Whether ER-positive patients should receive HRT touches upon the confusion regarding the relationship of estrogens and breast cancer. Estrogens have two effects with respect to breast cancer. The first is related to carci-nogenesis. Our current understanding of carcinogenesis is described by a two-stage model of initiation followed by promotion. Initiation may be caused by radiation, chemicals, viruses, or other agents and occurs over a brief period of time. Promotion is the second step in carcinogenesis and requires a long exposure to a second substance (promoter), which, by itself, may be innocuous. In breast cancer, the promoter is probably estrogen. In animal models of breast carcinogenesis, estradiol is the most potent promoter.

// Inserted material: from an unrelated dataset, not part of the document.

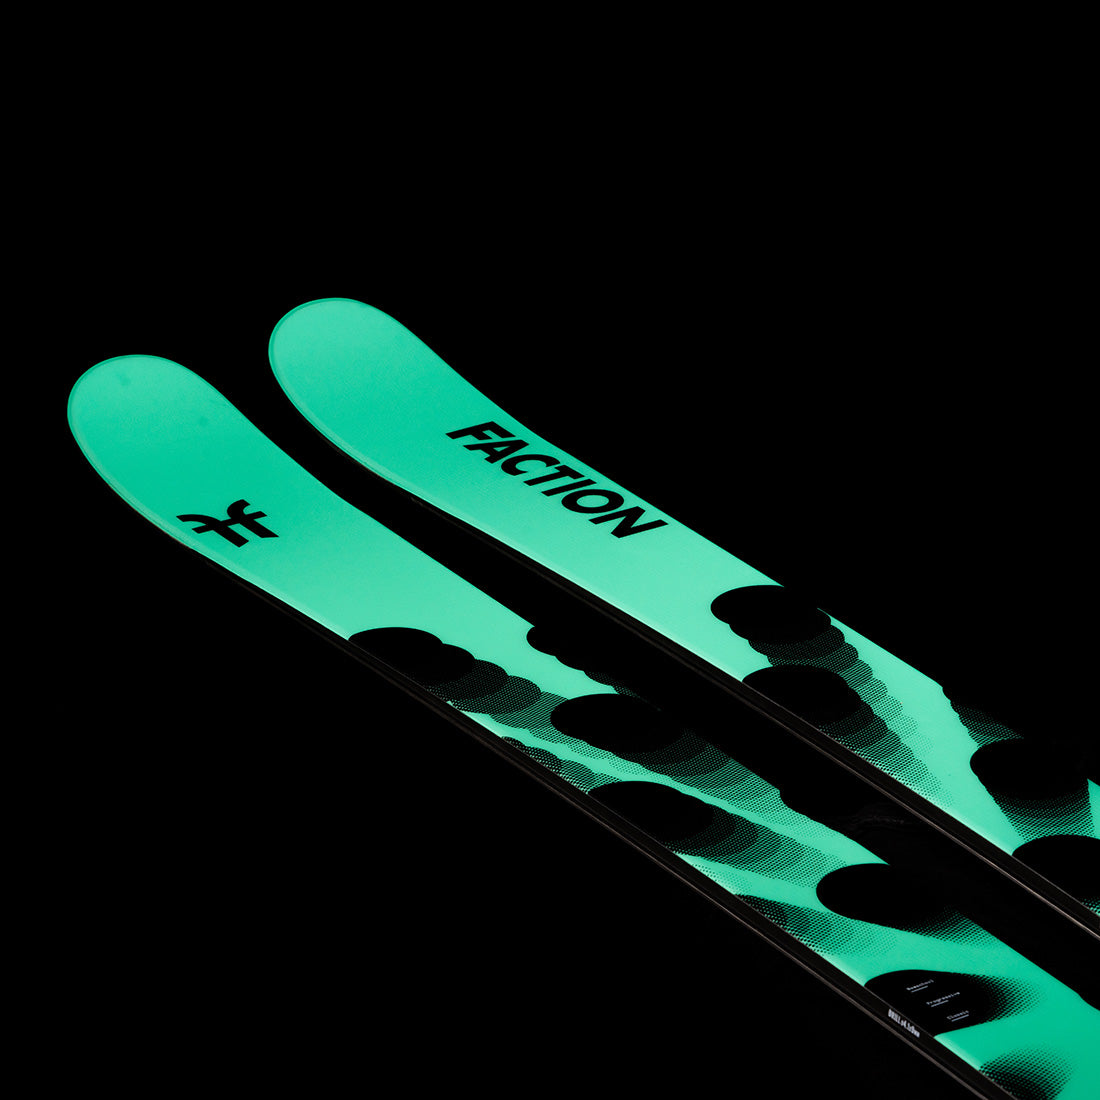 Faction Skis Studio 0X - 2024 Twin-Tip Park Ski

Non-estradiol estrogens are either weak promoters or function as anti-promoters and protect against carcinogenesis [6]. In this country, conjugated estrogens are the most frequently administered medications for HRT. The majority of estrogens in conjugated estrogens are non-estradiol estrogens. If analogous to the animal model, then HRT may have little, if any, harmful effect with respect to breast carcinogenesis and may even function as an anti-promoter providing protection against development of second primary breast cancers.

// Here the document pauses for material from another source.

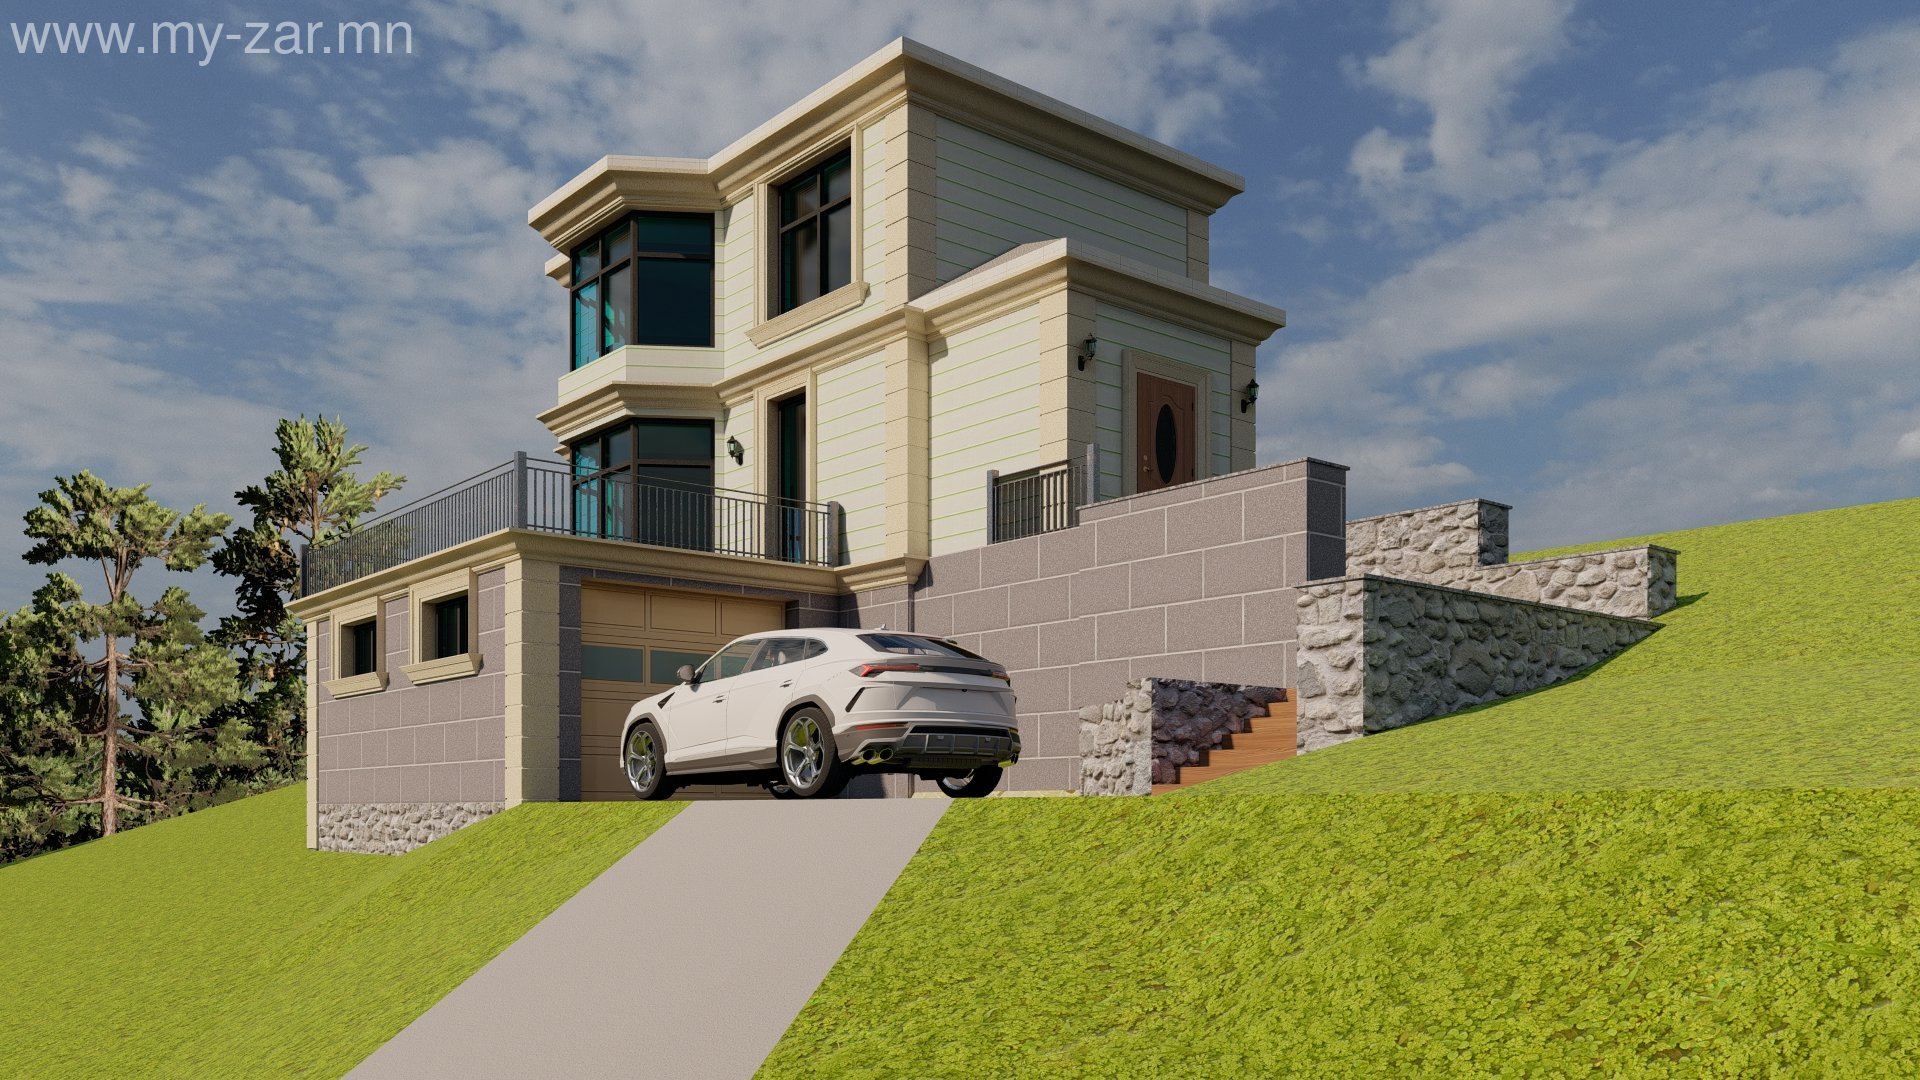 Бүх төрлийн 3D interior, exterior, landscape model түргэн маш ойлгомжтой зааж сургана

The second effect of estrogen upon breast cancer is that it functions as a growth factor. Estradiol is the most potent growth factor. Any estrogen that binds with the estrogen receptor and competes with estradiol inhibits tumor growth for receptor-positive tumors. Estrogens are considered potent when they manifest systemic estrogenic effects. Diethylstilbestrol (DES) is a potent estrogen with good anti-breast cancer effects. Recently, tamoxifen has replaced DES as the antagonist of choice in breast cancer therapy because of the relative absence of systemic estrogen effects. However, tamoxifen may be defined as an estrogen because of its affinity for the ER receptor and its mild estrogenic effects on bone density [7] and serum lipids [5]. The use of tamoxifen in breast cancer supports the use of other non-estradiol estrogens such as conjugated estrogens. Conjugated estrogens have been used successfully to treat recurrent breast cancer [9]. Women receiving HRT at the time of breast cancer diagnosis have a significant 5-year survival advantage when compared with nonusers at the time of their diagnosis, which further supports the use of HRT in previously treated breast cancer patients [10].

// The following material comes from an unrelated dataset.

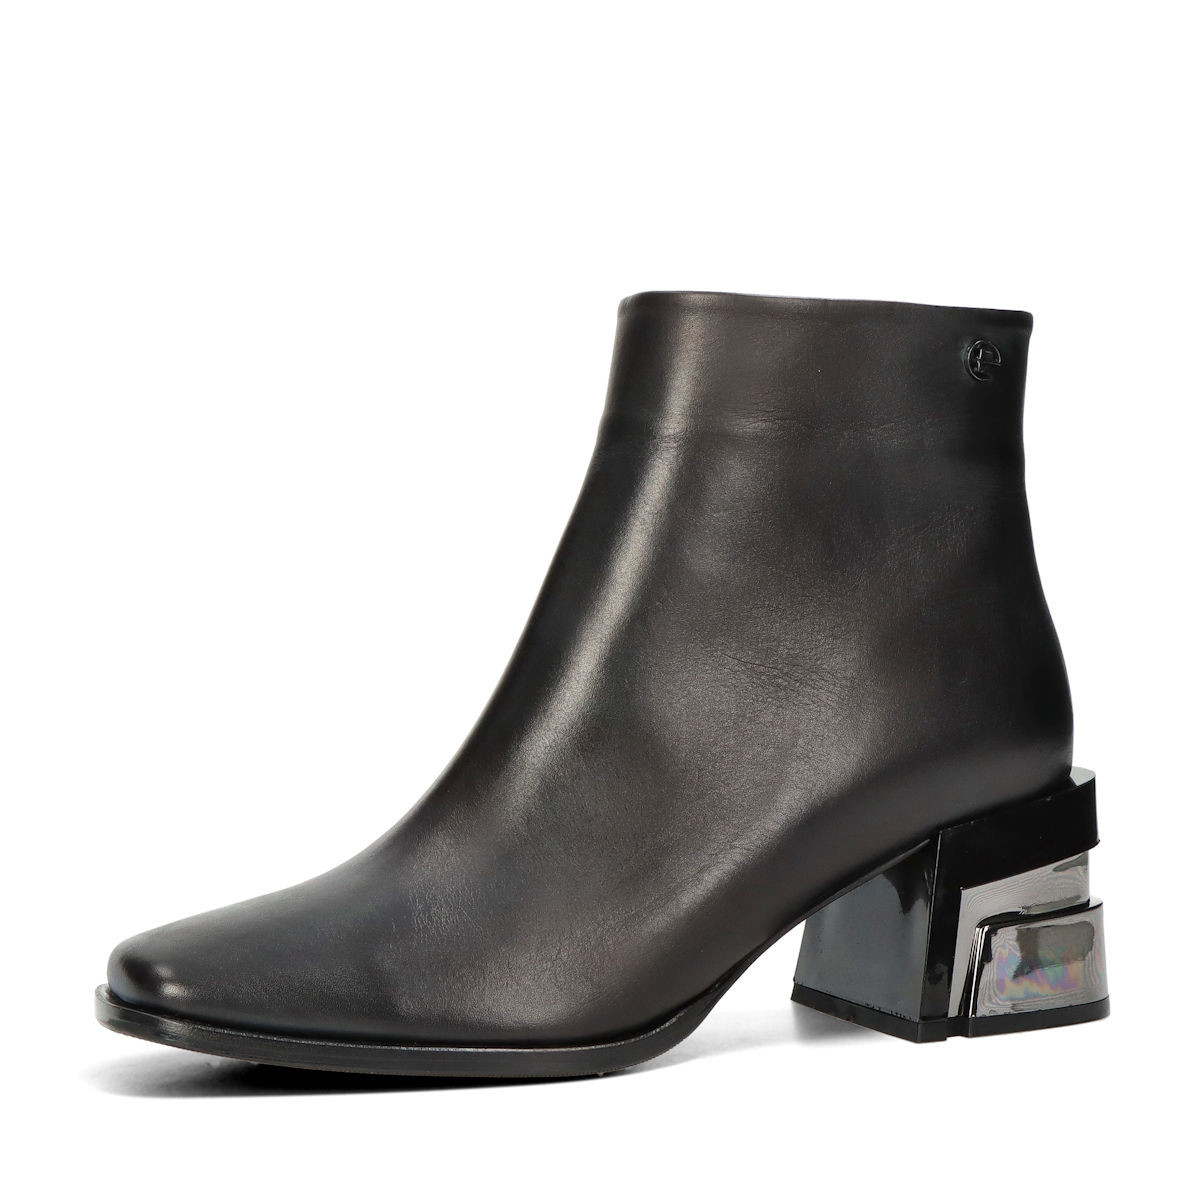 ETIMEĒ dámské elegantní kotníkové boty na zip - černé - 36

We strongly believe that this report should not be interpreted as demonstrating the safety of HRT in previ-ously treated breast cancer patients. The ability to detect an adverse effect of HRT on breast cancer in this small group of patients is very slight. Had we detected early and uncontrolled recurrence in a substantial number of patients, these results would have been reported, and no further investigation would have been recommended. In light of our findings, we recommend expanded, formal-ized studies in a prospective setting. The incidence of breast cancer continues to increase such that it will be the most frequently diagnosed internal cancer in the United States in 1993. Cytotoxic chemotherapy is being used more frequently in young women, resulting in chemotherapy-induced menopause. The proportion of women cured of breast cancer continues to increase, accompanied by a general increase in longevity. The result is ever- increasing numbers of women previously treated for breast cancer who become menopausal and candidates for HRT. Based upon the known beneficial effects of HRT and the lack of evidence suggesting a harmful effect on previously treated breast cancer, it is imperative that prospective trials be conducted to resolve the issue of the use HRT in these patients.